# Recorded data:

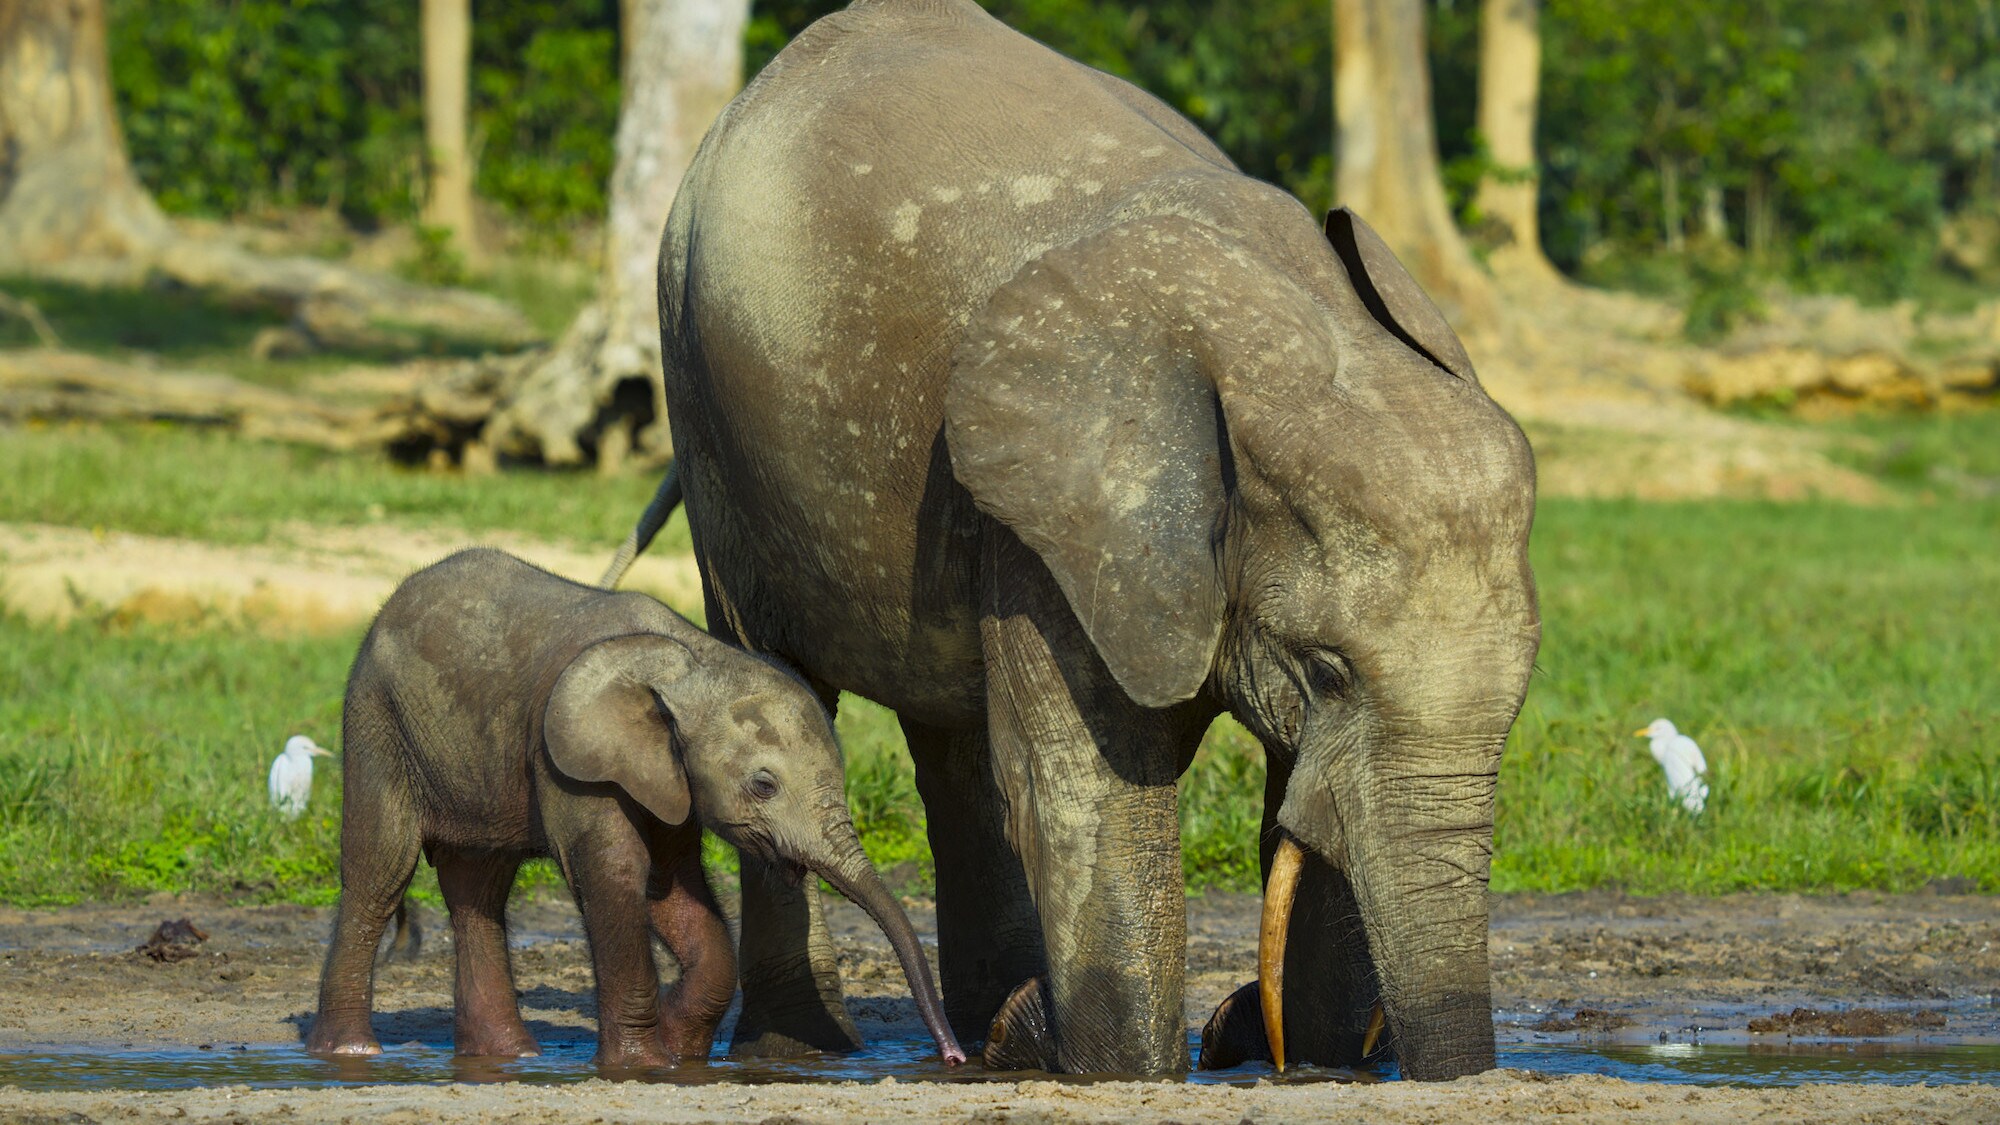 Elephant and calf at the waterhole. (National Geographic for Disney+/Bertie Gregory)
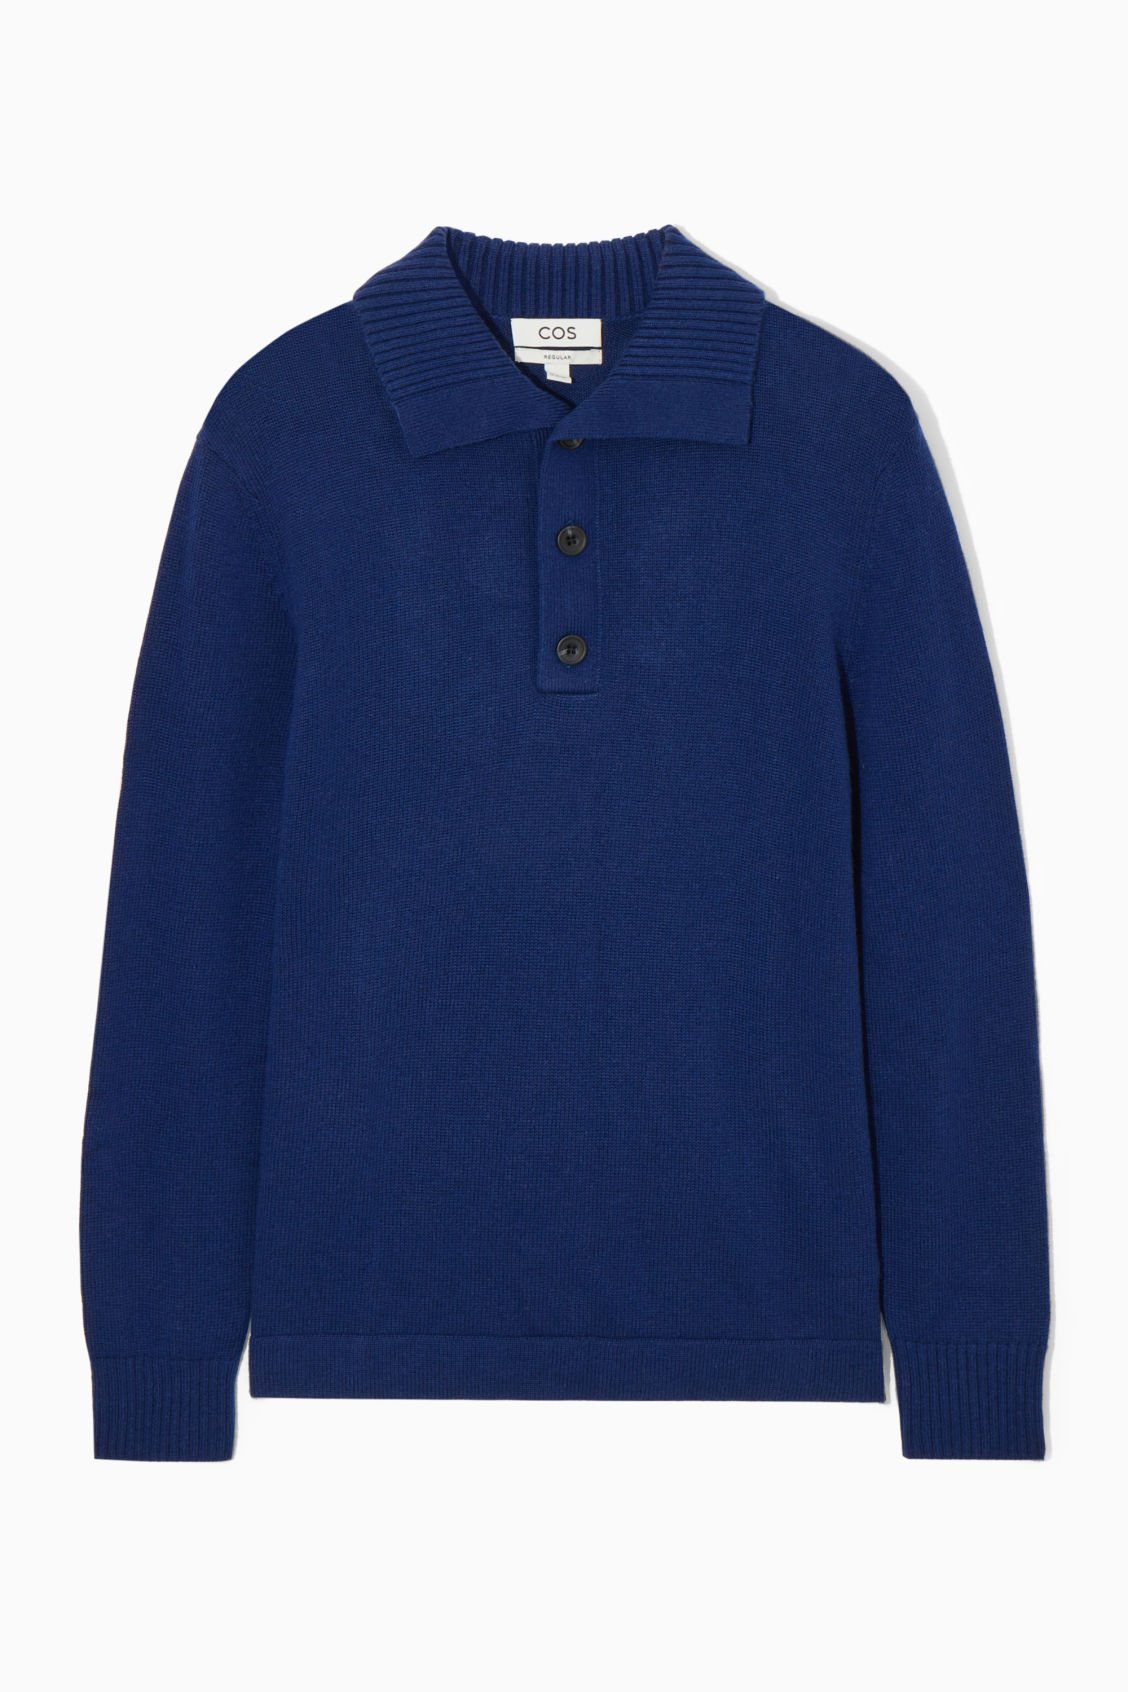 COS Wool And Cashmere Polo Shirt | Endource
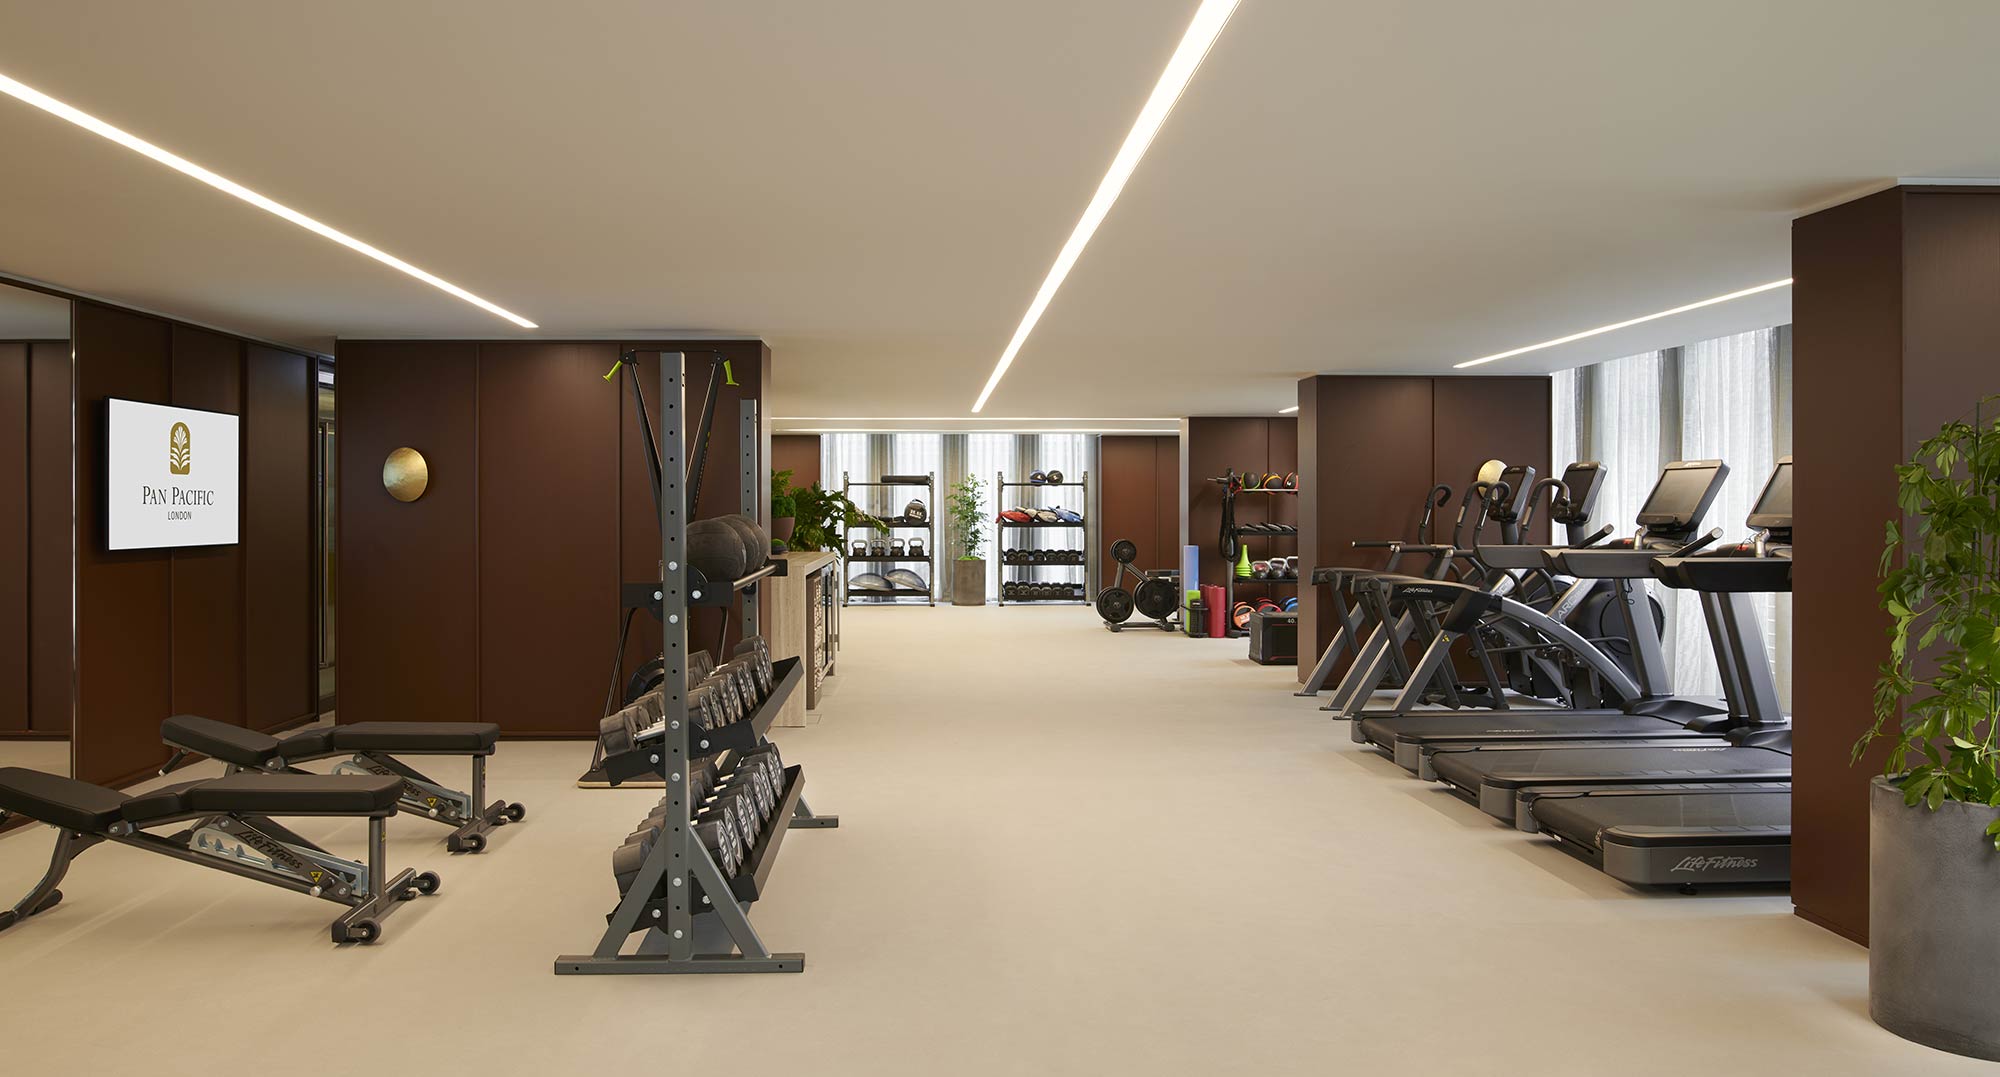 Gym located in Pan Pacific London

# Work order:
Reproduce exactly, and only, the lines from the one with "COS Wool And Cashmere Polo Shirt | Endource" to the final line of the listing above; the pictures are to be left out.

# Response below:
 COS Wool And Cashmere Polo Shirt | Endource
 Gym located in Pan Pacific London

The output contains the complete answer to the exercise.